片耳または両耳の痛みは医学的には 「耳痛」 として知られており、不快なものです。耳の痛みは一過性のものもあれば長く続くものもあり、様々な理由で起こりうるため治療方針は様々です。この記事では、耳の痛みを感じる最も一般的な原因をいくつか紹介するとともに、なぜ子どもが耳の感染症にかかりやすいのか、治療法の選択肢などについても詳しく解説します。
耳の痛みの考えられる原因
耳の痛みは様々な原因が考えられます。はじめに、医師は考えられる原因を2つに分けており、これが参考になります。
- 耳自体の病気などによる痛み
- 耳以外の病気などによる痛み(身体の他の病気などに関連して起こる痛み)
「耳の内部に原因がある場合は、耳の検査で異常が検出され、耳の中の鼓膜や中耳に何か疾患が疑われるときに行われる検査であるティンパノメトリーでも鼓膜の腫れが確認されるなど、明らかな疾患が示されます。従って、耳の関連痛には当てはまりません」とヒューストン耳鼻咽喉科・アレルギークリニック(米国)の耳鼻咽喉科専門医ニコルス医師は述べています。
耳自体の病気などによる痛み
1.スイマーズ・イヤー
医学的には外耳炎として知られるスイマーズ・イヤーは、 「外耳道の組織の感染症である」とニコルス医師は述べています。耳の穴を押さえると圧痛を感じます。
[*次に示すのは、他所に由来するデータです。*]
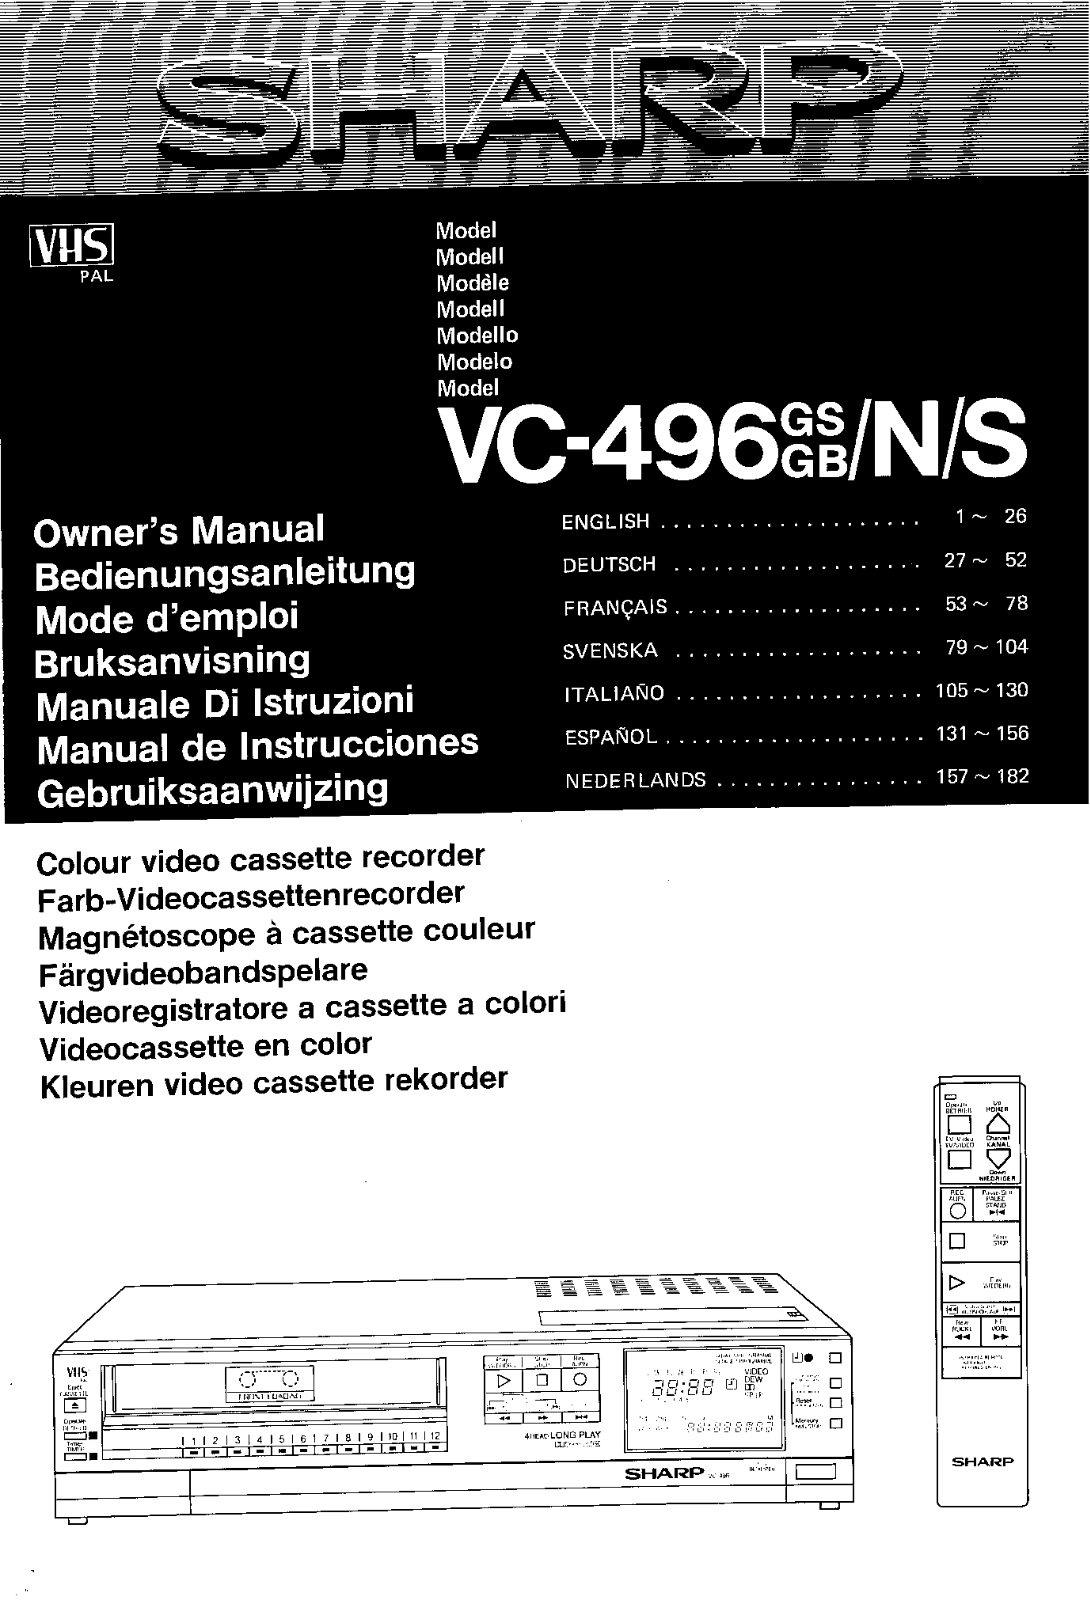 Sharp VC-496GS, VC-496GB, VC-496N, VC-496 Manual

ジョージア州ピードモント耳・鼻・咽喉・関連アレルギー病院(米国)の耳鼻咽喉科医のホフマン医師は、スイマーズ・イヤーの症状として、痛み、腫れ、耳垂れ(耳漏)などがあると述べており、耳がかゆいこともあります。
「スイマーズ・イヤーの治療には一般的には抗生物質を含む点耳薬が医師から処方されます」とニコルス医師は述べています。また、耳を乾燥した状態に保つことも重要だと付け加えています。感染して痛みがある場合は、アセトアミノフェンやイブプロフェンなどの市販の鎮痛剤を服用します。
2.中耳炎
ニコルス医師によると「中耳炎は、耳の痛みのもう一つの主な原因であり、これは呼吸器感染症、風邪、または副鼻腔感染症の後に起こる可能性があります」と述べています。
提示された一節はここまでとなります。